We stayed at a lovely apartment through AirBnB which was about a 5 minute walk to the Zocalo and the perfect location for exploring Mexico City.

Food & Drink:

Cafe De Tacuba – a traditional Mexican restaurant. We went for late breakfast. Lovely, milky and very hot coffee is poured in front of you. The eggs with refried beans and the green enchiladas are very good. The restaurant is beautifully tiled with stained glass windows and the service is great.

Gran Hotel De La Ciudad De Mexico – the restaurant is on the top floor of the hotel which overlooks the Zocalo. It is open air so bring a coat/jumper. The food is ok but the service is slow. We would recommend going up for a Margarita and take in the view of the Zocalo.

Cafe El Popular – another traditional Mexican restaurant. We had a kind of Mexican cheese on toast but with refried beans between the toast and cheese. It was delicious. The service is great and the coffee was lovely.

Lalo! – lovely Italian with Neapolitan wood fired pizzas and quirky paintings on the walls. Pizza was delicious and service was great.


A little bit of Spanish goes a long way – the majority of people in Mexico City do not speak English so a small amount of Spanish is essential, even if it’s just hello and thank you. Most people will be able to understand English but not speak it. If all else fails, use Google translate!

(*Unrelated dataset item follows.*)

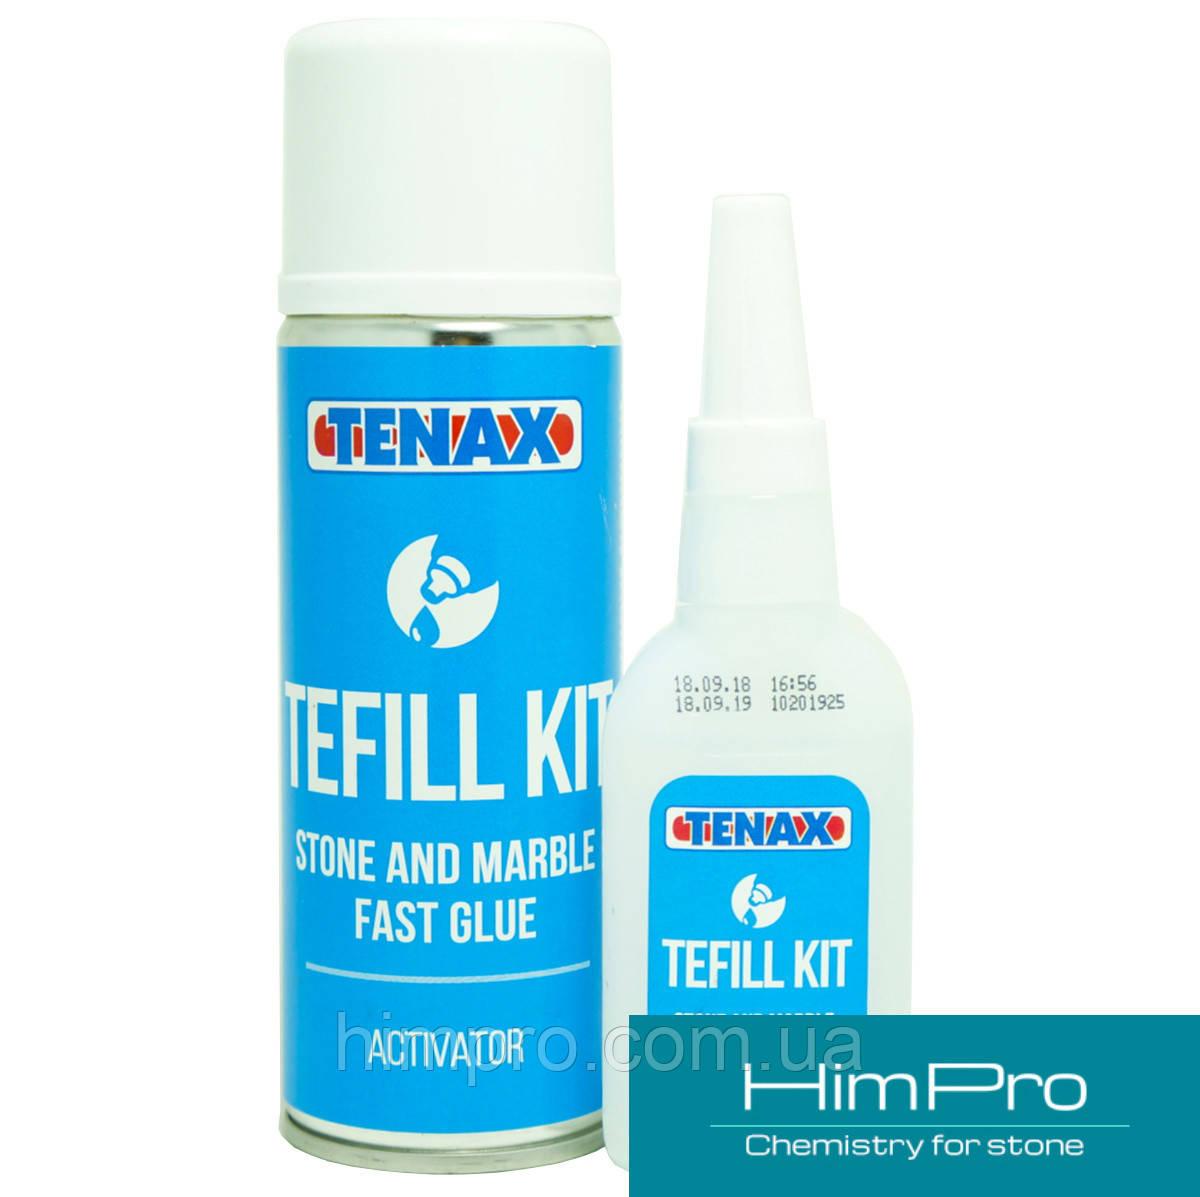 TEFILL KIT Tenax цианоакрилатовый клей с отвердителем (бесцветный 50mm + 200mm)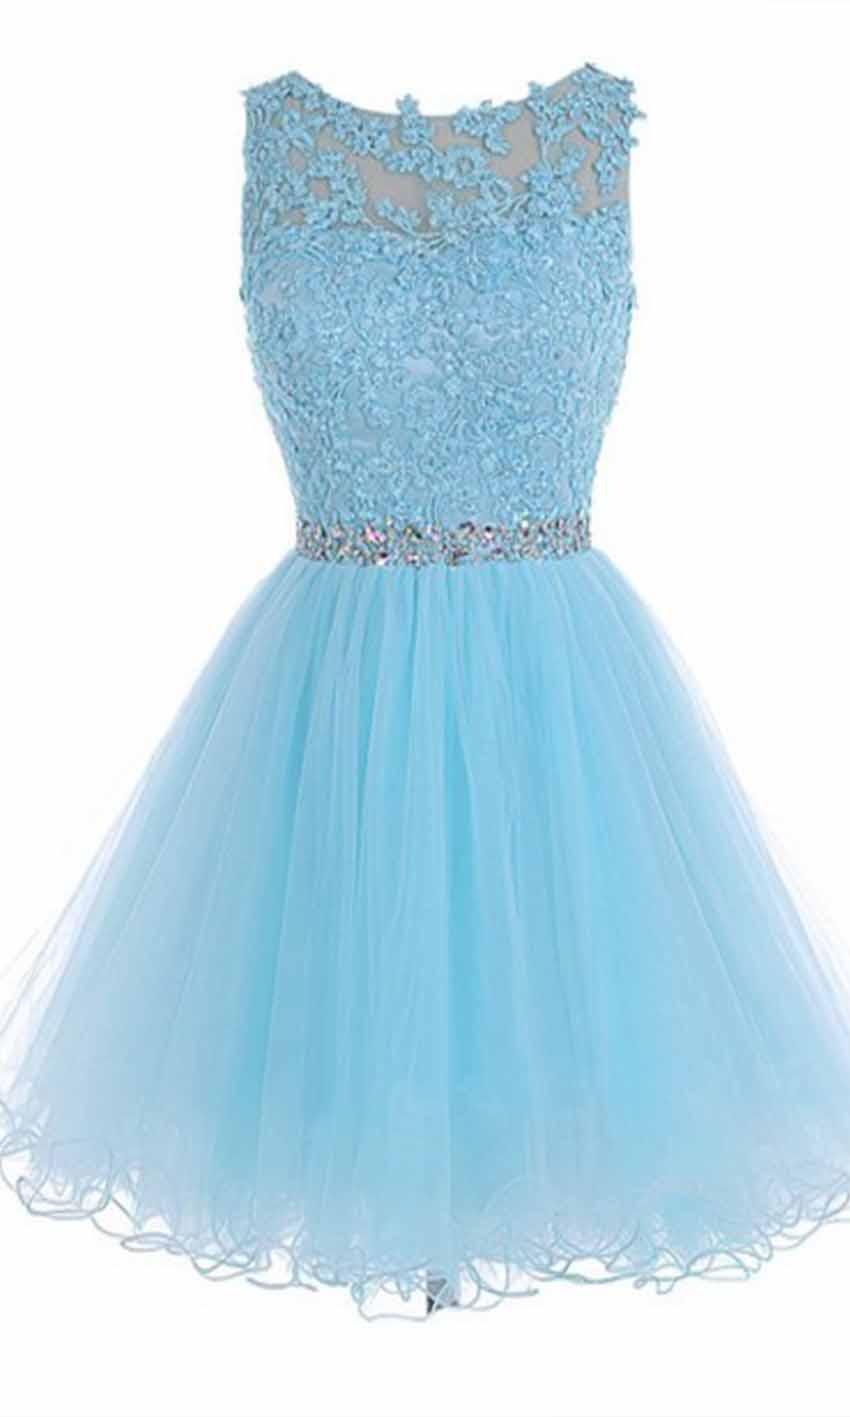 Sky Blue High Illusion Short Lace Prom Dresses KSP455 [KSP455 ...

Monday sight seeing is a no go – all the major attractions in Mexico City, mainly around the Zocalo, are shut on Mondays. The floating gardens at Xochimilco are open though as are most restaurants and shops.

Go anti-clockwise – The Museo Nacional De Anthropologia is vast. Make sure you go anti-clockwise round the courtyard into each of the exhibits starting from the right as you enter. If not, you will start at the most recent civilisation and end on the Evolution of Man!